Problem requirements → Return the listing below unchanged, except that the pictures are dropped.

Dataset section →
Content starts

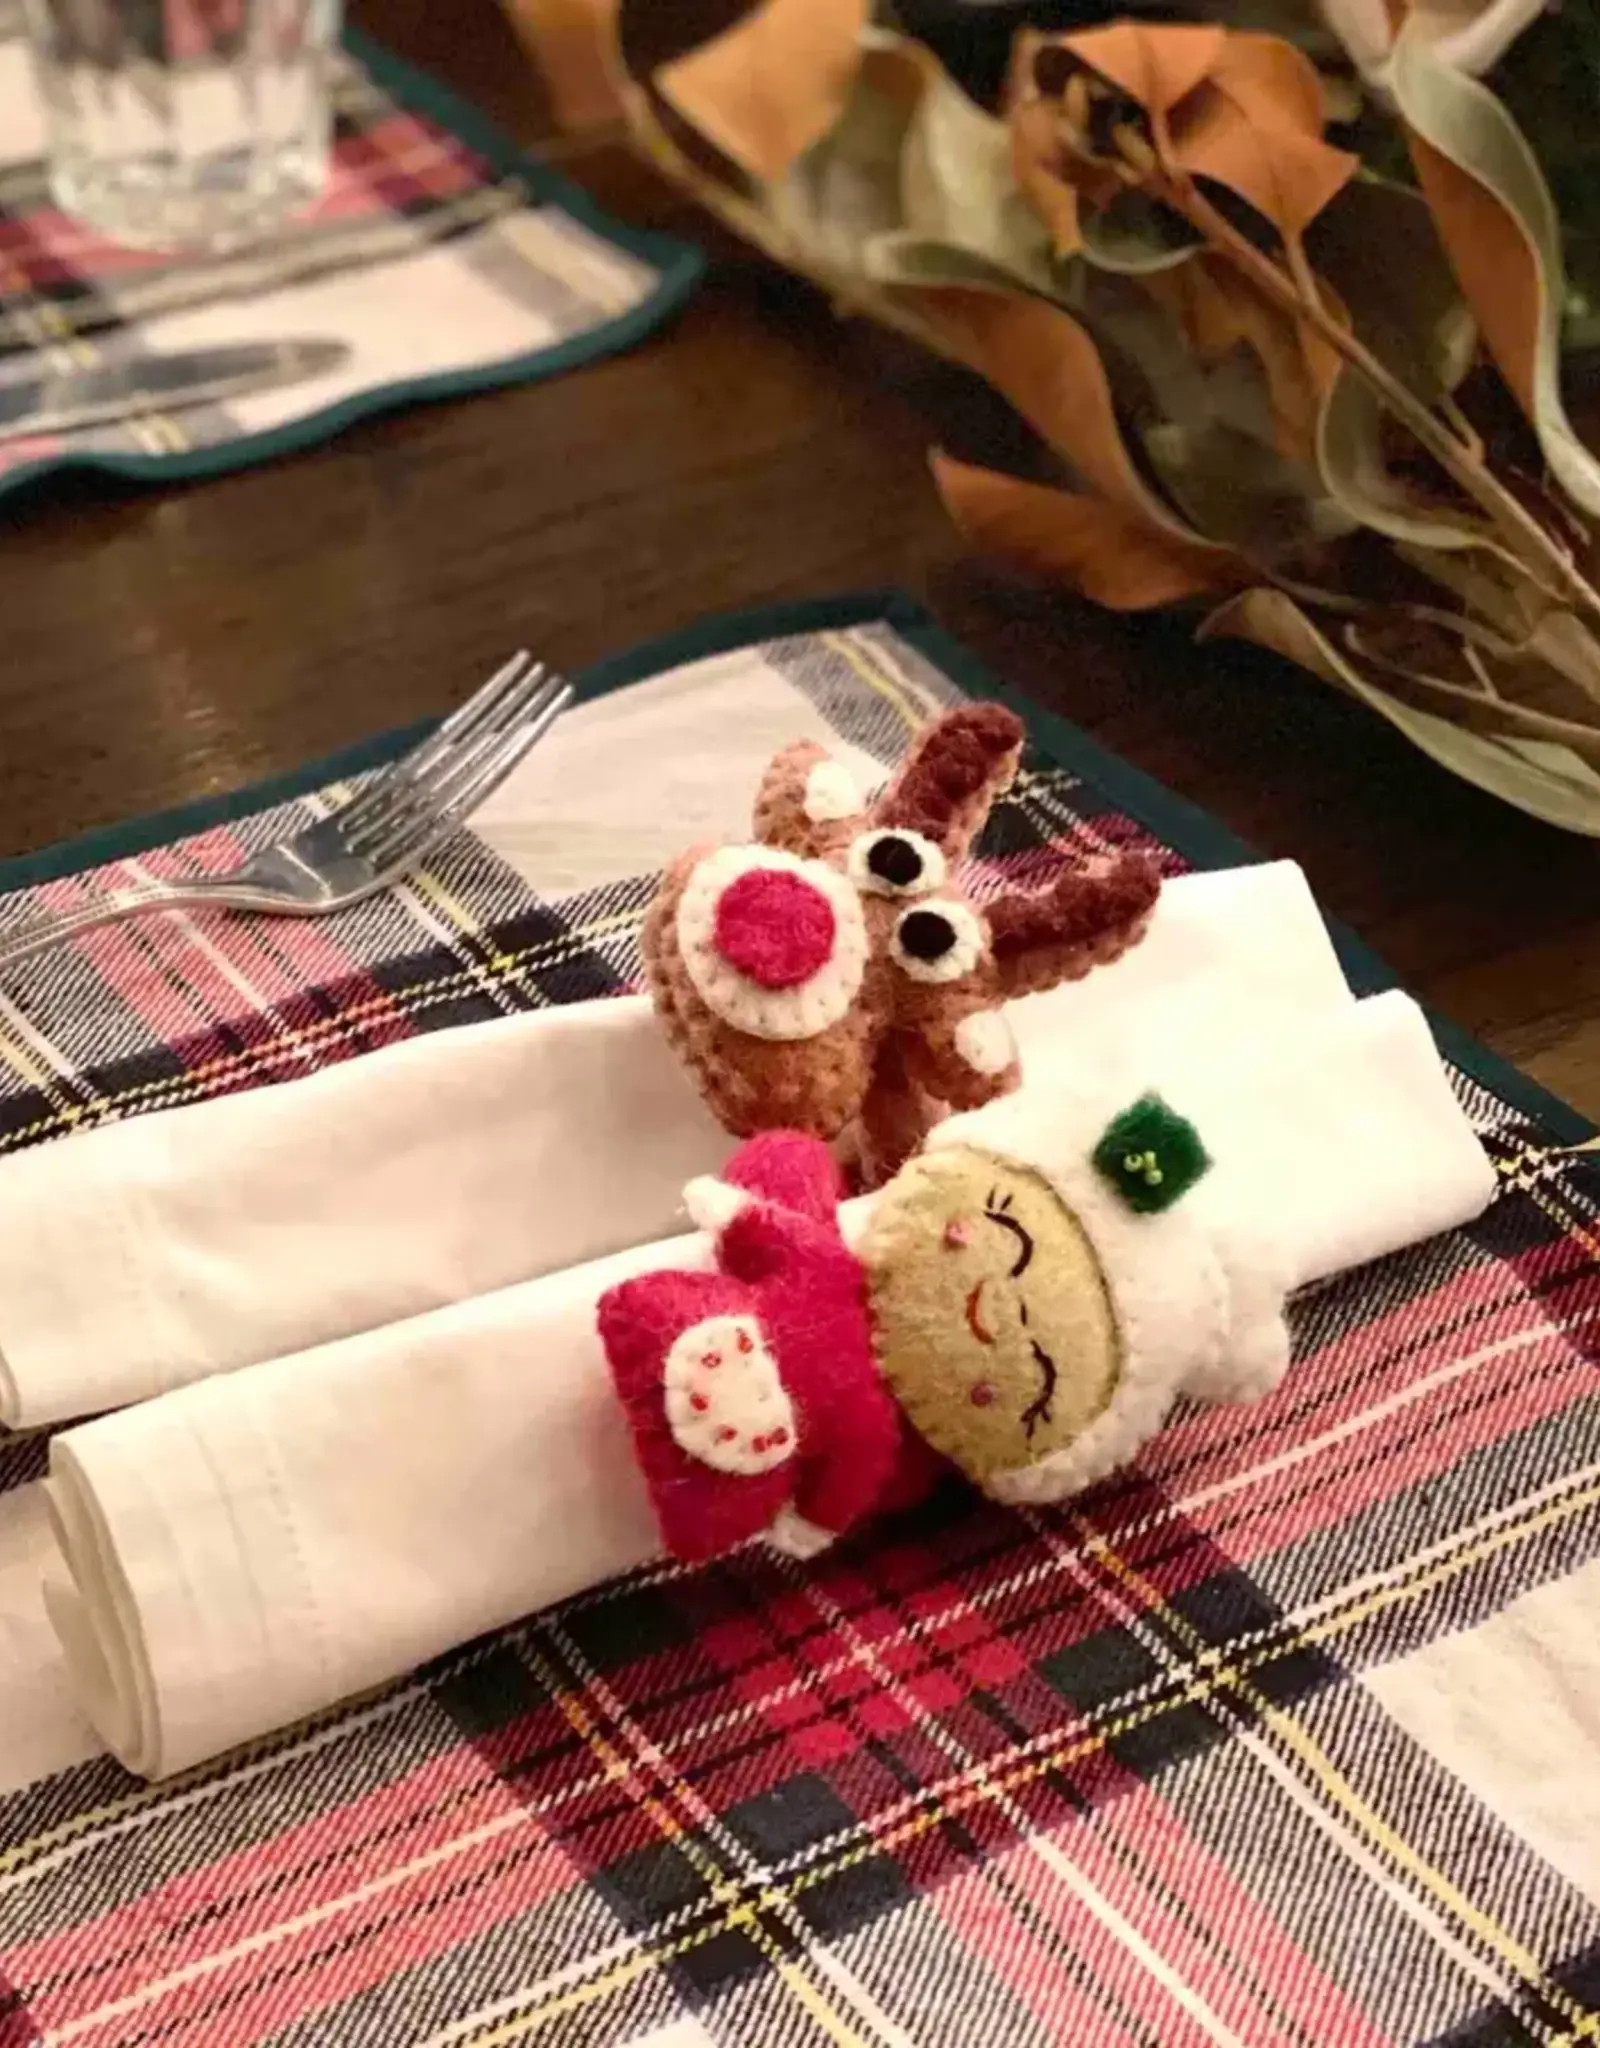 Global Crafts Christmas Rudolph Napkin Rings
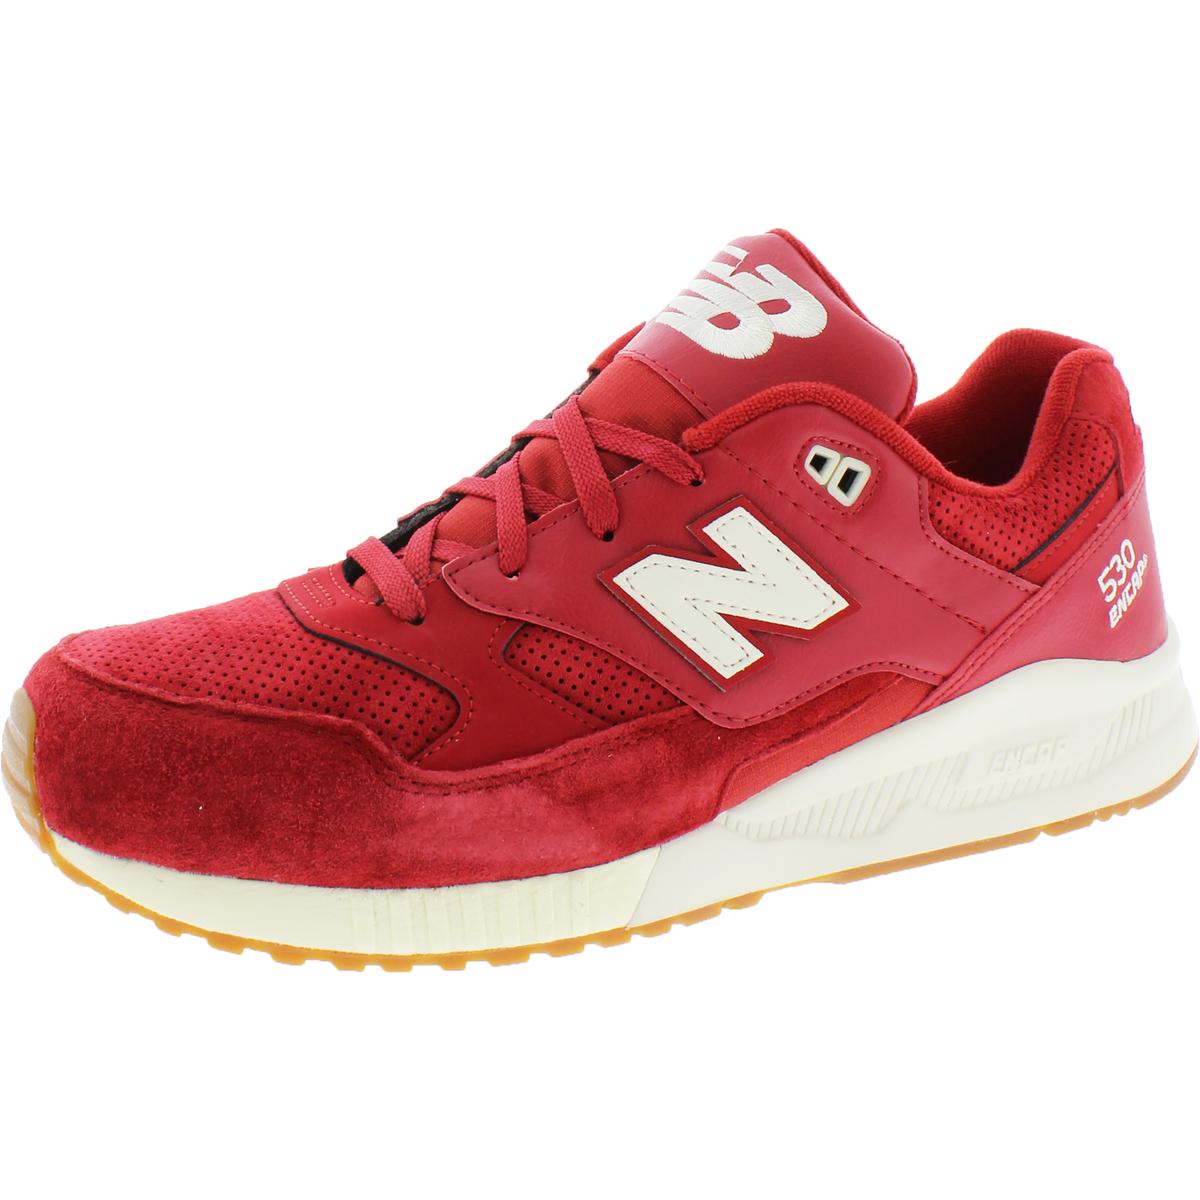 New Balance Mens Red Suede Running Shoes Athletic 10.5 Medium (D) BHFO ...
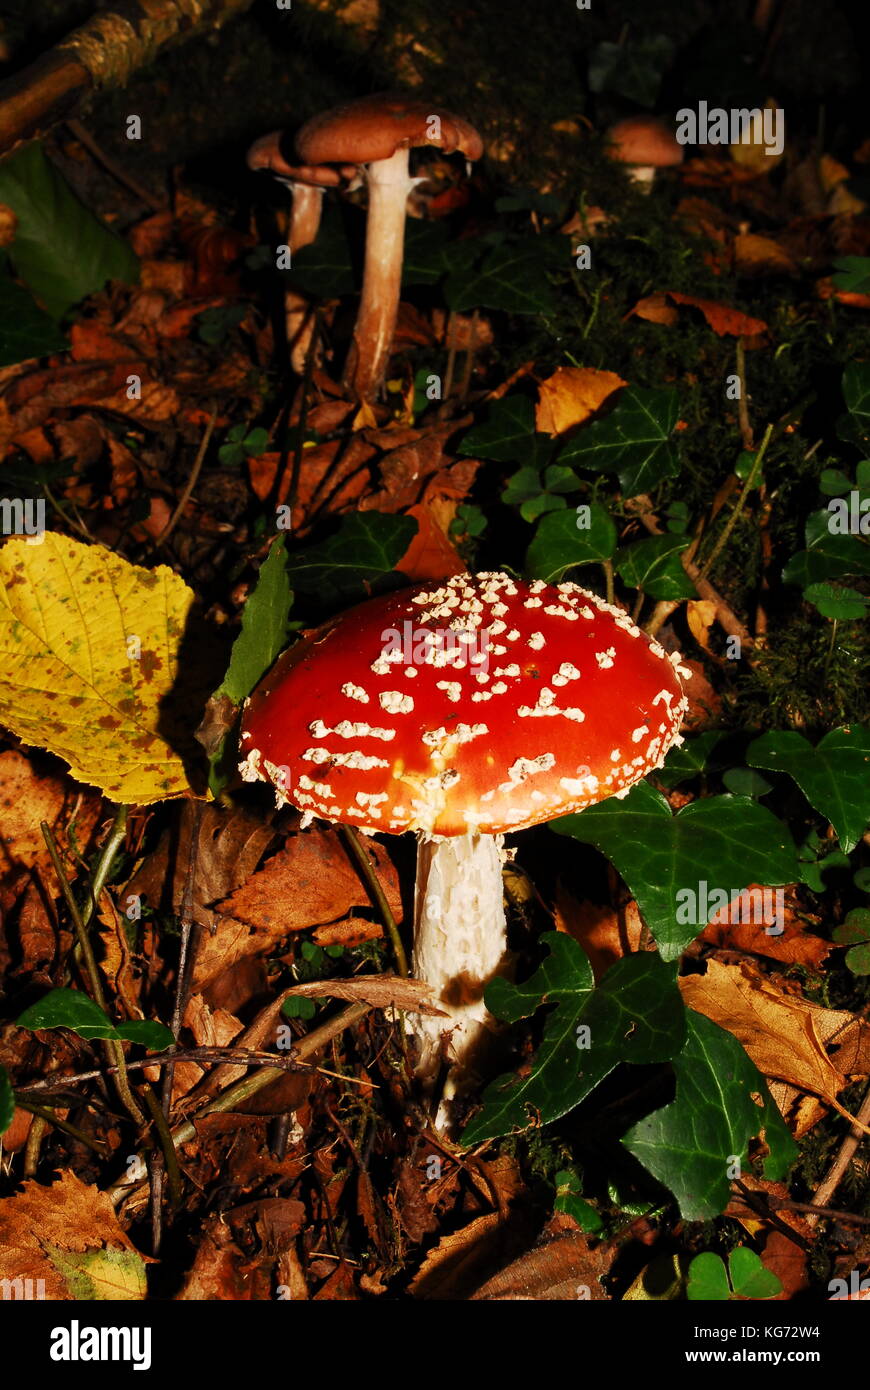 Woodland fungus growing in the autumn in the UK Stock Photo

Content ends

Task solution →
 Global Crafts Christmas Rudolph Napkin Rings
 New Balance Mens Red Suede Running Shoes Athletic 10.5 Medium (D) BHFO ...
 Woodland fungus growing in the autumn in the UK Stock Photo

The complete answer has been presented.